Bahok d’Akram Khan

Publié le par freesia

Bahok d’Akram Khan

Quelques chaises éparses sur un plateau nu, un panneau électronique d’affichage : le cadre de Bahok s’apparente à un hall de gare ou d’aéroport. A une heure tardive sans doute car seules huit personnes y attendent leur départ. Un départ reporté pendant une heure quinze.
Les premiers instants sont plus joués que dansés, sans musique ; l’un téléphone bruyamment, l’autre s’endort sur son voisin pendant qu’une autre compulse frénétiquement des morceaux de papier froissés. L’humour est de mise dans ce calme. Seul le changement d’affichage rythme la scène, hypnotise les huit interprètes. « Reporté ». L’unique chose indiquée… pour l’instant. Peu à peu les uns ne sont plus indifférents aux autres ; ils se sont remarqués, observés. C’est alors que la relation deux à deux génère la danse. Comme un dialogue qui débuterait, comme une présentation de chacun, de sa nationalité, de son être. La danse est d’une fluidité, rapide, avec une relation au sol (impressionnante Eulalia Ayguade Farro !) mœlleuse et inventive. Des passages en groupe révèlent, dans une précision infaillible et dans la totalité de l’espace, le style d’Akram Khan.
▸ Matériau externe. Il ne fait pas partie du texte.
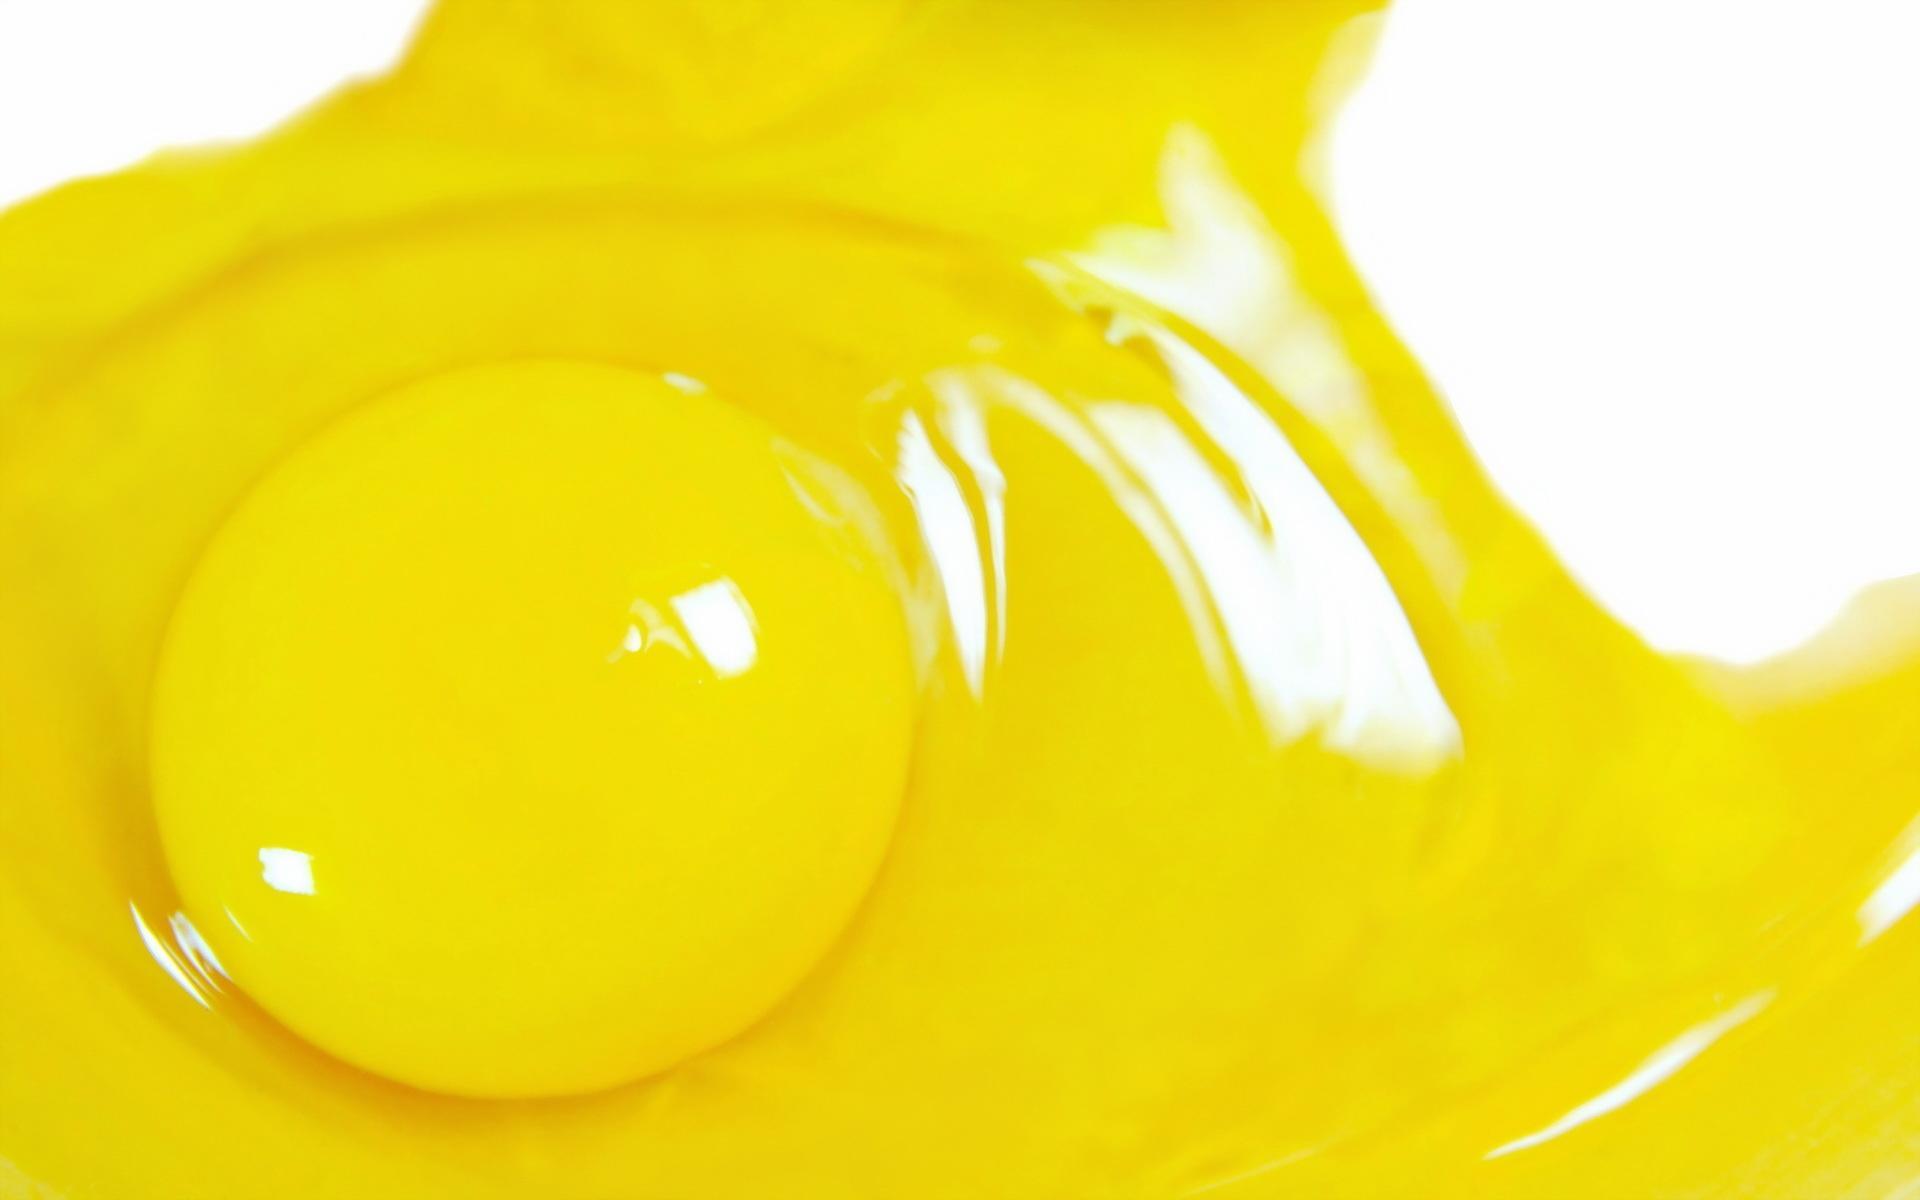 еда желток яйца food the yolk eggs  № 2999697 бесплатно
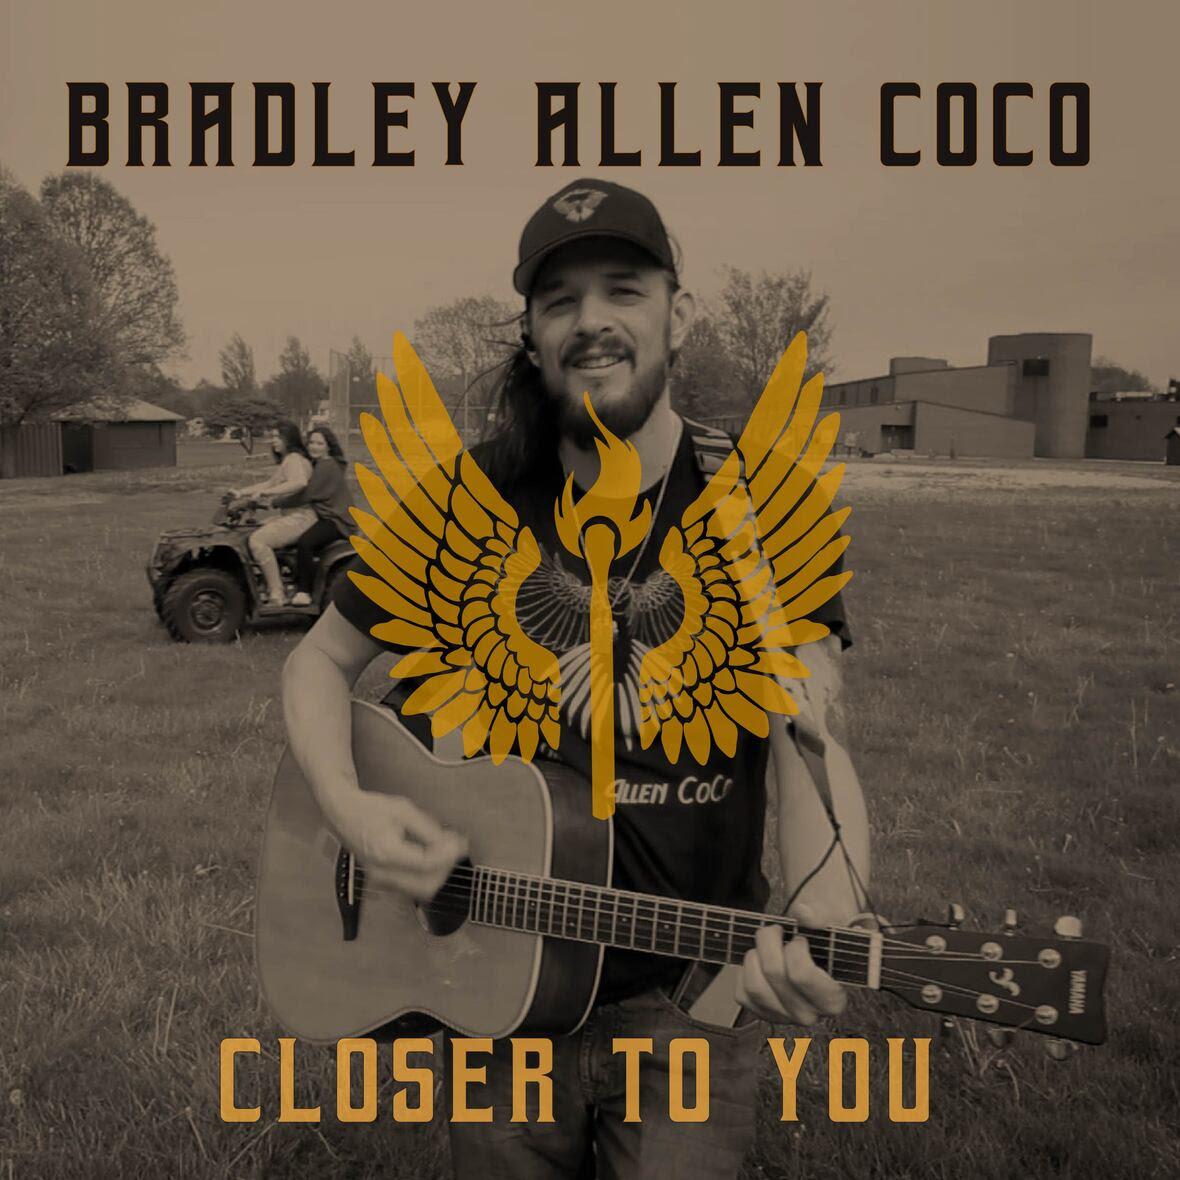 closer-to-you-album-art-50

Les groupes font le plus souvent face au public, on y devine des mouvements de danse traditionnelle indienne modernisés, mixés, accélérés, hybridés. Tout comme la musique de Nitin Sawhney qui s’avère puissamment actuelle tout en étant basée sur des rythmiques indiennes, des mélodies asiatiques ou que sais-je encore. La vivacité, les élans, les contretemps, tout dévoile la personnalité singulière, unique et déterminée du chorégraphe.
Pour autant, il nous montre la vie, notre vie. Une rixe manque de dégénérer et le panneau d’affichage s’affole affichant en vrac toutes les lettres, un couple qui n’en est pas un rencontre la barrière de la langue à une frontière, une femme garde précieusement les chaussures de son père (une Shanell Winlock habitée). Les gros plans ponctuent la pièce jusqu’au moment où un téléphone portable va servir de télécommande pour le tableau d’affichage qui dialoguera. Posant des questions sur les origines, il finira par indiquer un numéro de téléphone, lequel sera composé par une interprète : « Allo maman ? ».
C’est sur cette phrase que s’achève Bahok après avoir fait tour à tour sourire ou frémir. Après nous avoir prouvé que déraciné, d’origines différentes, le partage avec l’autre constitue le quotidien qu’on le veuille ou non.